I used the word ‘philosophical experience’ and ‘philosophical question,’ and claim that these are importance, not only for retaining the philosophical spirit, but also pedagogically. What what is a philosophical question, and what is it like to experience such questions?

A philosophical experience can be characterised in several ways. Here are two preliminary intuitions:

1) A philosophical experience occurs when something one unreflectively assumes, and which forms the basis of daily life, is suddenly the focus of consciousness and our assumed attitude cast in doubt. Such an experience renders to that thing a sense that it is both better known and less well known than it was previously. It appears as ‘better known’ in the sense that our previously unreflected-upon engagement with that idea now appears somewhat dreamlike and superficial. But for this same reason the thing also appears less well known, and mysterious. Such experience is similar to how a word appears odd when we dissociate it from its use by saying it many times. As such, a philosophical experience needs no argument at all. It can even be experienced without words, as gestalt switch, an insight, a possibility, a doubt or a contradiction.

2) Often a kind of jamais-vue, philosophical experience is inherently an emotional experience. It can be exciting, terrifying, lonely, eery, beautiful, confusing, loving, or a combination of all. There is something uncanny and disruptive about philosophical experiences. They are discoordinating and disorienting because such experiences open and then sustain questions which shake basic foundational assumptions we rely on in our lives, and put at risk any sense of firm footing in the world.

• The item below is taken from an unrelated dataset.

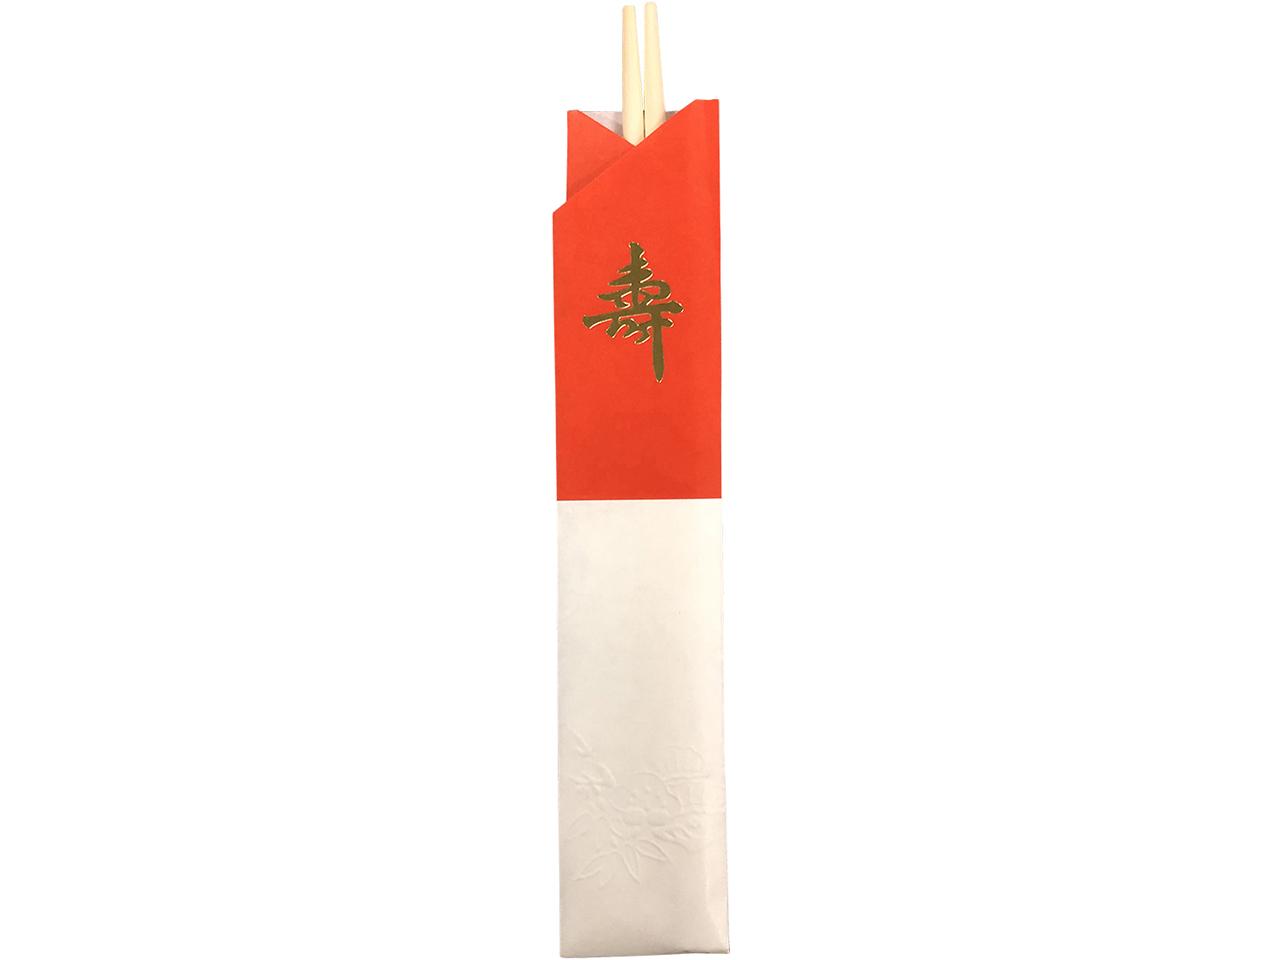 お買い得な輸入の割り箸 「アスペン祝箸 紅白10膳」 ポストIN発送対応商品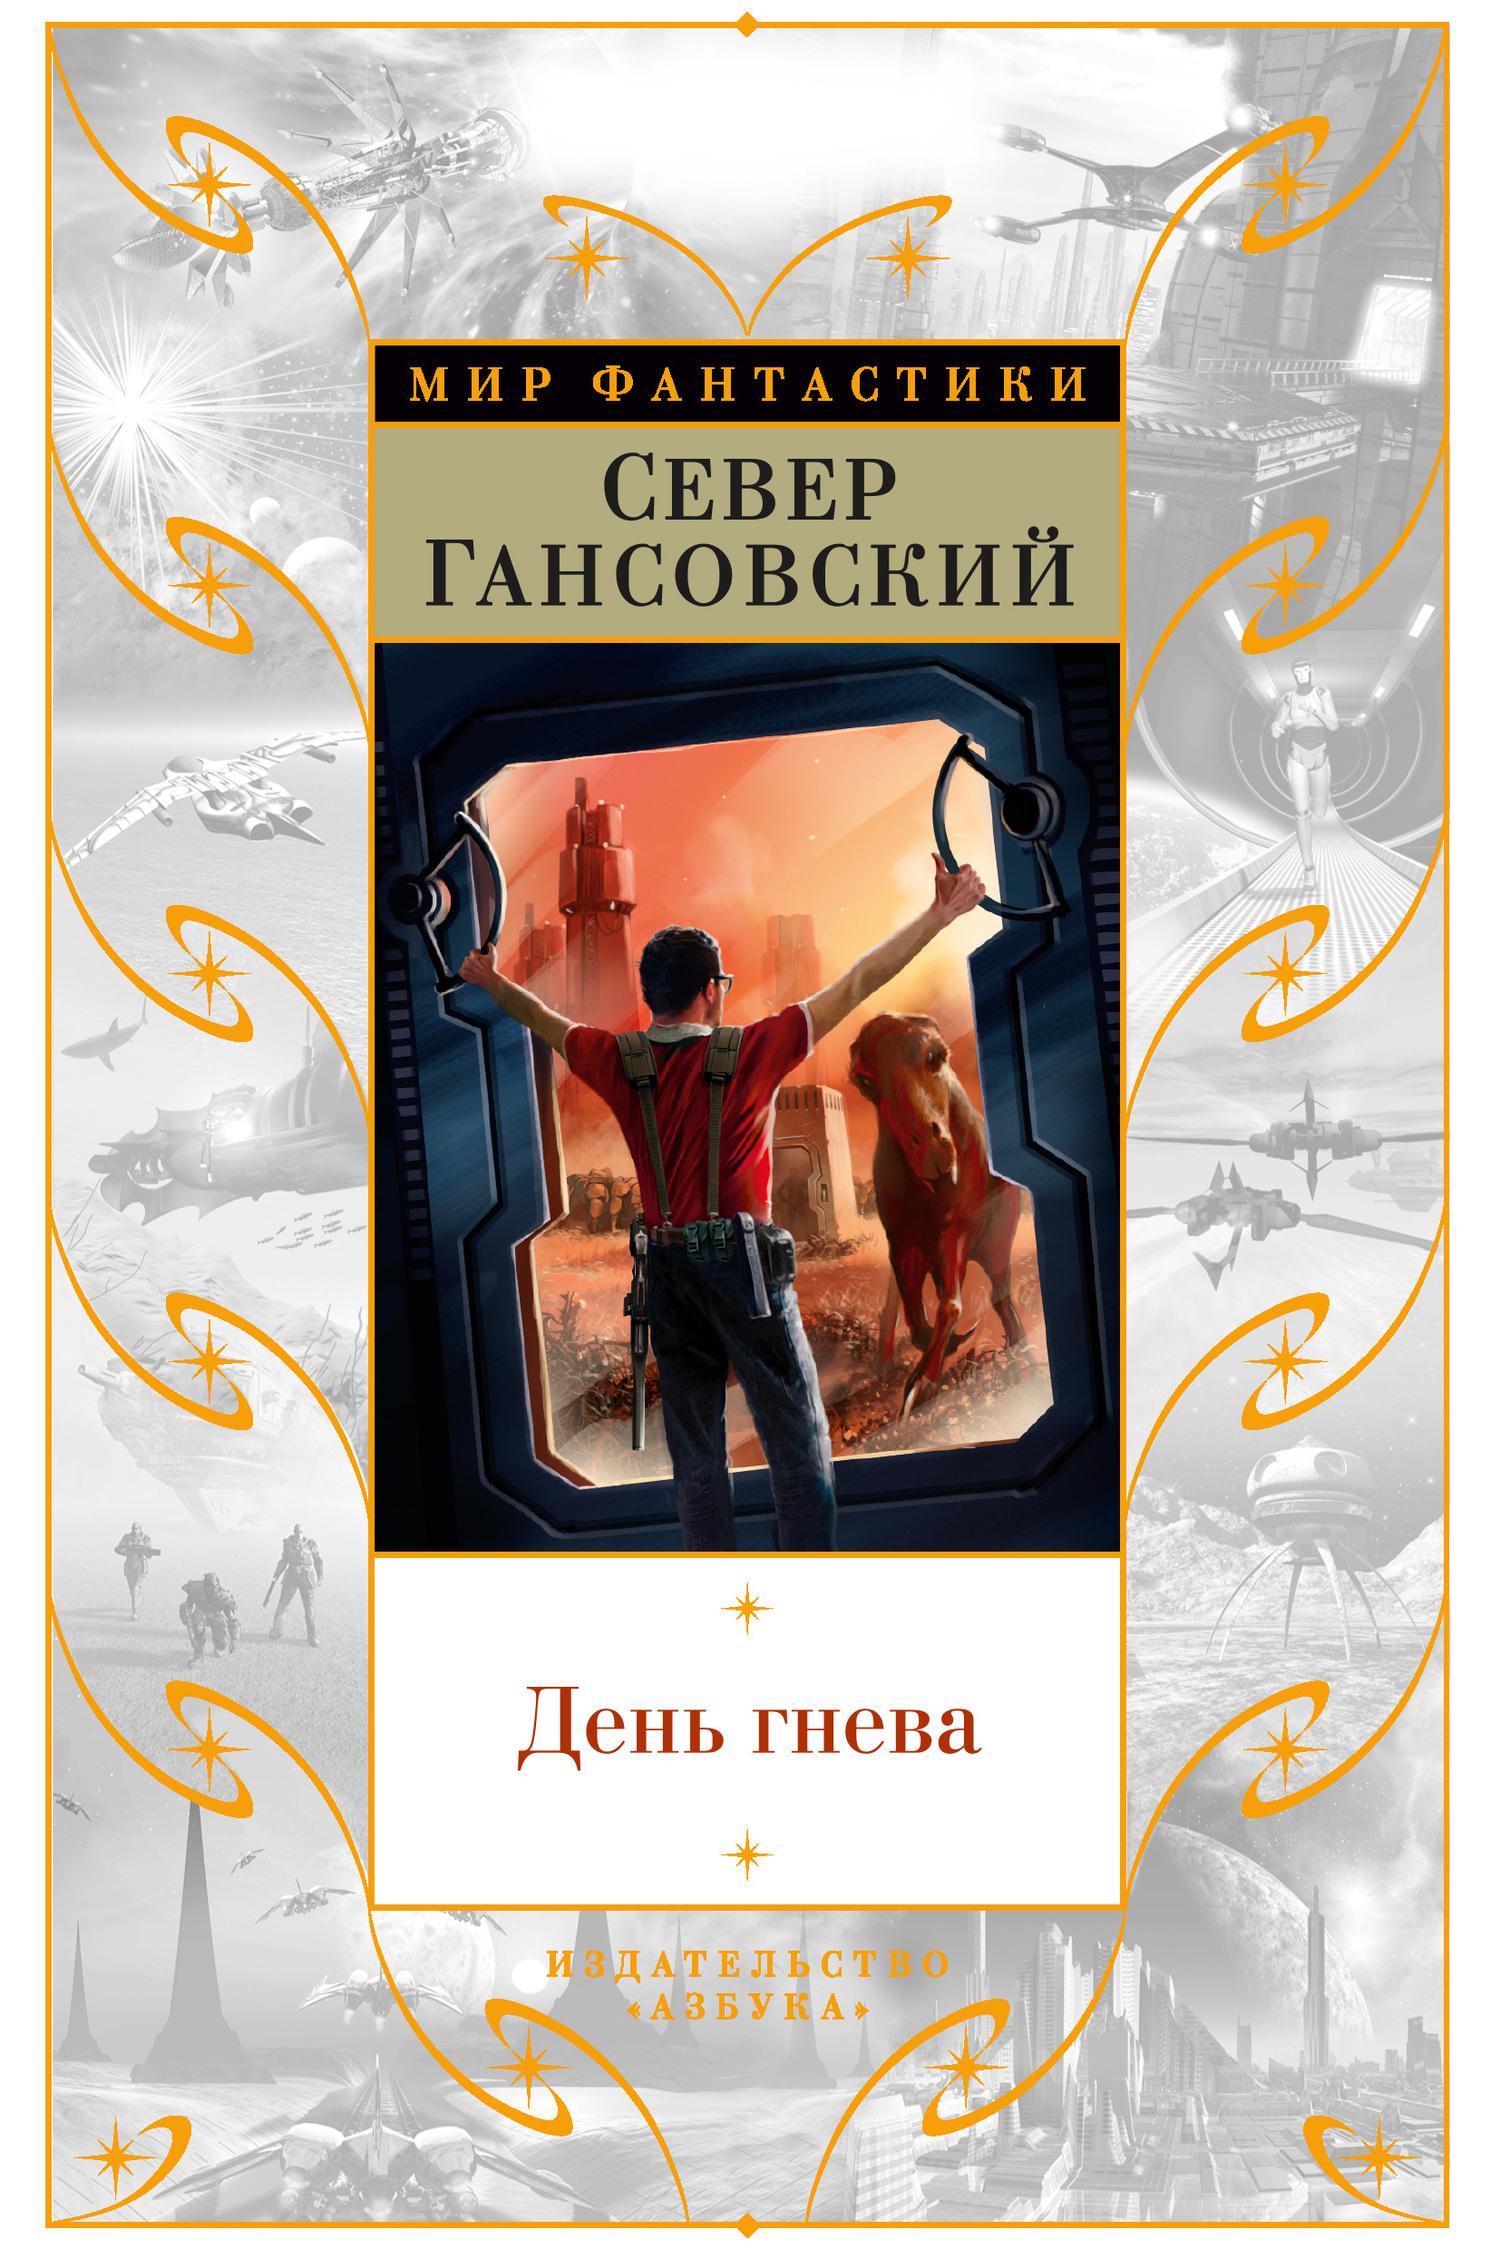 Север Гансовский. День гнева (сборник)

A philosophical experience feels like an adventure. It can feel dangerous, and people may not be equally open to it, or need different kinds of scaffolding or preparation for it.

One reason philosophical experience / questions is backgrounded in courses (including philosophy courses) is because it seems more difficult to standardise a way of evaluating its quality. I believe I can sense when someone is experiencing a philosophical problem, but it is harder to pinpoint on rubric sheets just what a marker would be looking for compared with, say, the validity of the argument. This leads to another version of Biesta’s (2009) observation that in assessment, we tend to value what we can measure rather than measuring what we value. (We could call this ‘the assessment fallacy’, recognising its resonance with Dewey’s ‘philosophical fallacy’). Another reason it is backgrounded is because students and teachers may have unquestioned assumptions about the purpose of education at odds with cultivating philosophical experiences.

Of course, the development of arguments and the development of ideas cannot be as easily parsed as is suggested here. The act of working out an argument is sometimes a clarification of its consequences, scope, conditions, and connections with other ideas, and so developing arguments can itself be the act of dwelling in a philosophical experience. But even here, I am not so sure the quality of the argument always matters. Sometimes, the arguments provide qualitative depth and texture to the philosophical idea. Other times, I feel it is the time spent reading or thinking up the arguments that sustains the philosophical experience, and that the minimal condition is that such arguments are simply ‘believable enough’ to hold this imaginative space. In any case, argument is subservient to the ideas it develops.

The assumption that it would be otherwise is grounded in the premise that our beliefs are founded and develop primarily through reason, evidence and justification. But we often have a feeling that something is plausible or true, and then work out why we think this is the case. If the philosophical experience is important in education, then the cultivation of plausible possibilities becomes paramount. In addition to reasoning, this requires an engagement with the full dimension of what underlies a person’s openness to novel ideas. This means philosophising education has psychological dimensions too, a rhetorical aspect including context setting, mood, responsiveness, narrative, silence, and much else besides.